Justice of the Court of Queen's Bench of Manitoba (Family Division)
- In office May 19, 2005 – March 21, 2015

= Lori Douglas =

Canadian judge

A. Lori Douglas was the Associate Chief Justice of the Court of Queen's Bench of Manitoba (Family Division). She currently lectures and practices family law part-time.

== Education ==
Douglas received a Bachelor of Arts from the University of Winnipeg in 1978 and a Bachelor of Laws from the University of Manitoba in 1982. She was admitted to the Law Society of Manitoba in 1982.

== Legal career ==
Douglas was a partner with the firm of Thompson Dorfman Sweatman, where she practised primarily family law. She was a professor at the Faculty of Law at the University of Manitoba and at the Bar Admission Course.

== Judicial career ==
On May 19, 2005, Douglas was appointed a Judge of the Court of Queen's Bench (Family Division). On May 14, 2009, she was appointed Associate Chief Justice of the Court of Queen's Bench (Family Division), replacing Justice Gerry Mercier.

=== Complaint and resignation ===
In July 2010, Winnipeg resident Alexander Chapman filed a formal complaint with the Canadian Judicial Council against Lori Douglas and her husband, Jack King. The complaint alleged that King, a lawyer for the Thompson Dorfman Sweatman firm, uploaded nude photographs of his wife to a pornography site in 2003 in order to tease clients such as Chapman. In doing so Chapman broke a confidentiality agreement made with King in 2003. A 2016 interview, which described the photographs as revenge porn, alleged that his motive was to humiliate a judge in another case who was a colleague of Douglas. Douglas, who learned about the photos and forgave King in 2003, was unaware that there were surviving copies. In 2016, Douglas said "I’ve actually never seen the images and I don’t ever want to see them."

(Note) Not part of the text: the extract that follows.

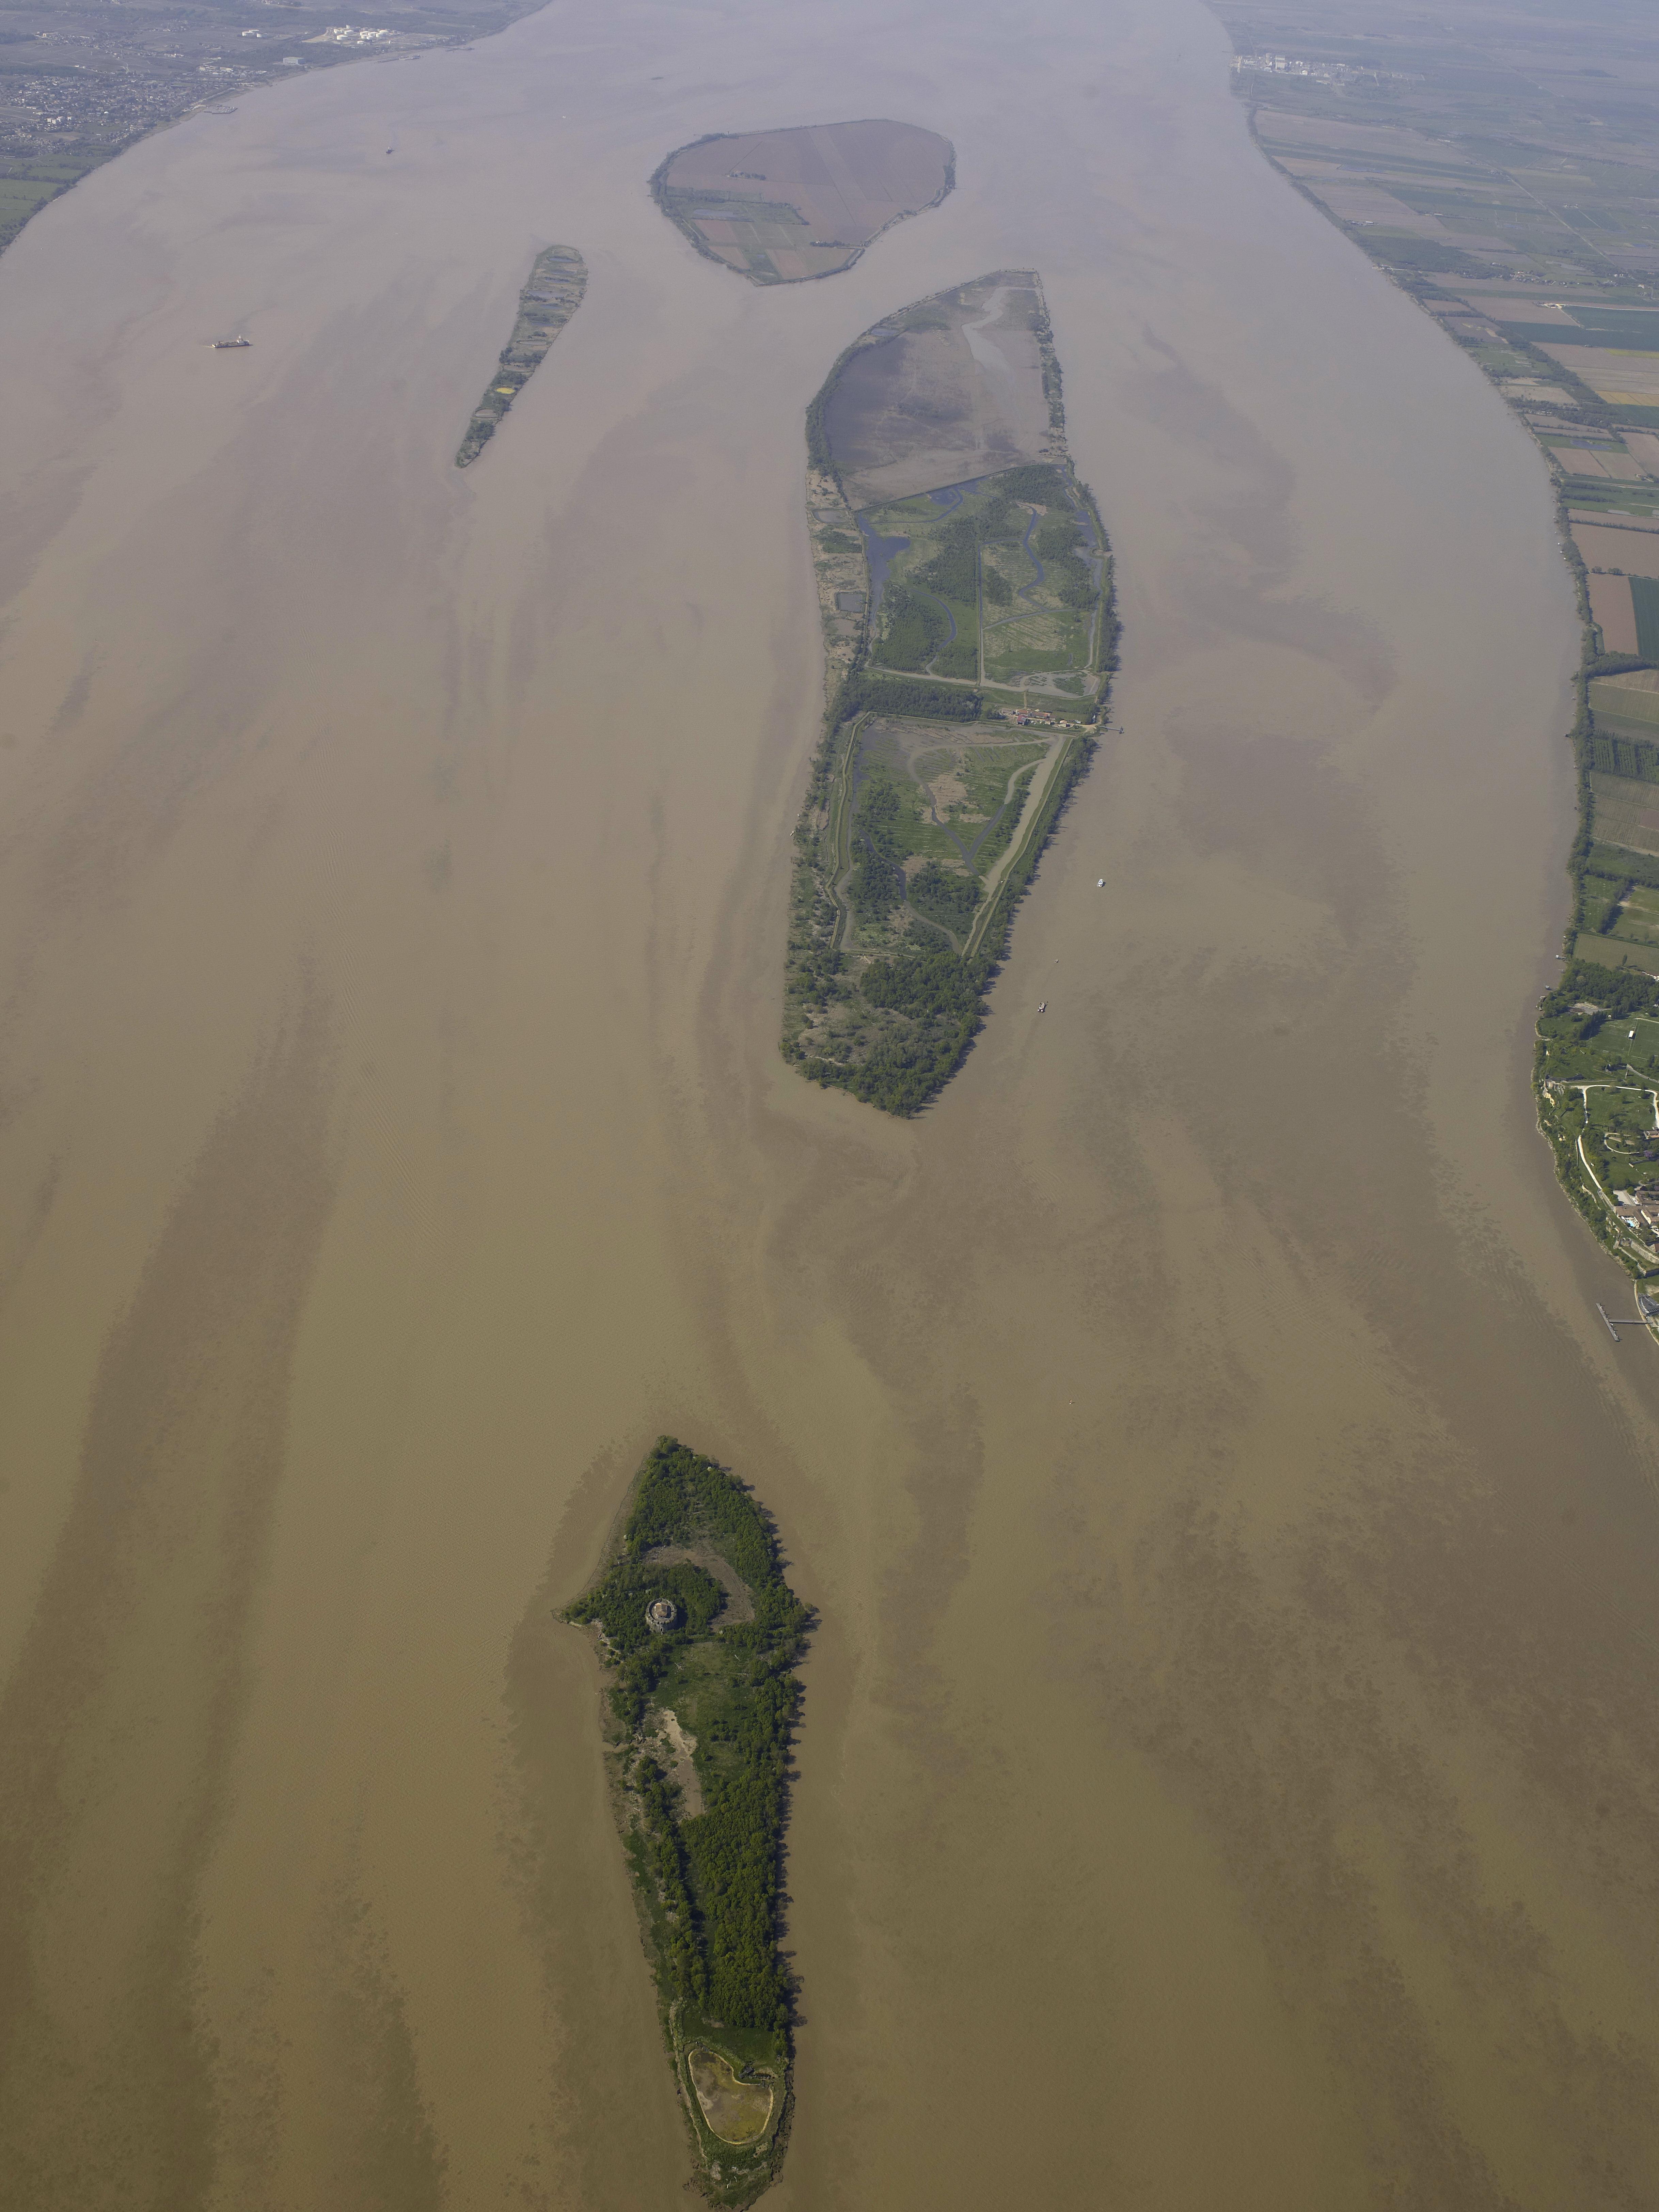 SCOT de la Haute Gironde Blaye-Estuaire

The subsequent investigation drew support from the civil law dean at the University of Ottawa who said "If pictures of you naked end up on an Internet site, it's quite difficult to say you have the credibility to be a judge." However, an article in Canadian Lawyer Magazine was critical of the move, calling it "victim blaming couched as legitimate judicial inquiry".

In September 2010, Douglas asked to be "temporarily relieved of her duties as a sitting justice" while "remain[ing] in her position in an administrative capacity". On January 5, 2011, the Canadian Judicial Council determined that the matter of the complaints against Douglas merited further investigation and referred to a review panel. The Canadian Judicial Council inquiry suffered from a series of delays and legal challenges before finally concluding on 24 November 2014, when Douglas agreed to early retirement in return for the case being officially stayed. Douglas officially retired on 21 March 2015.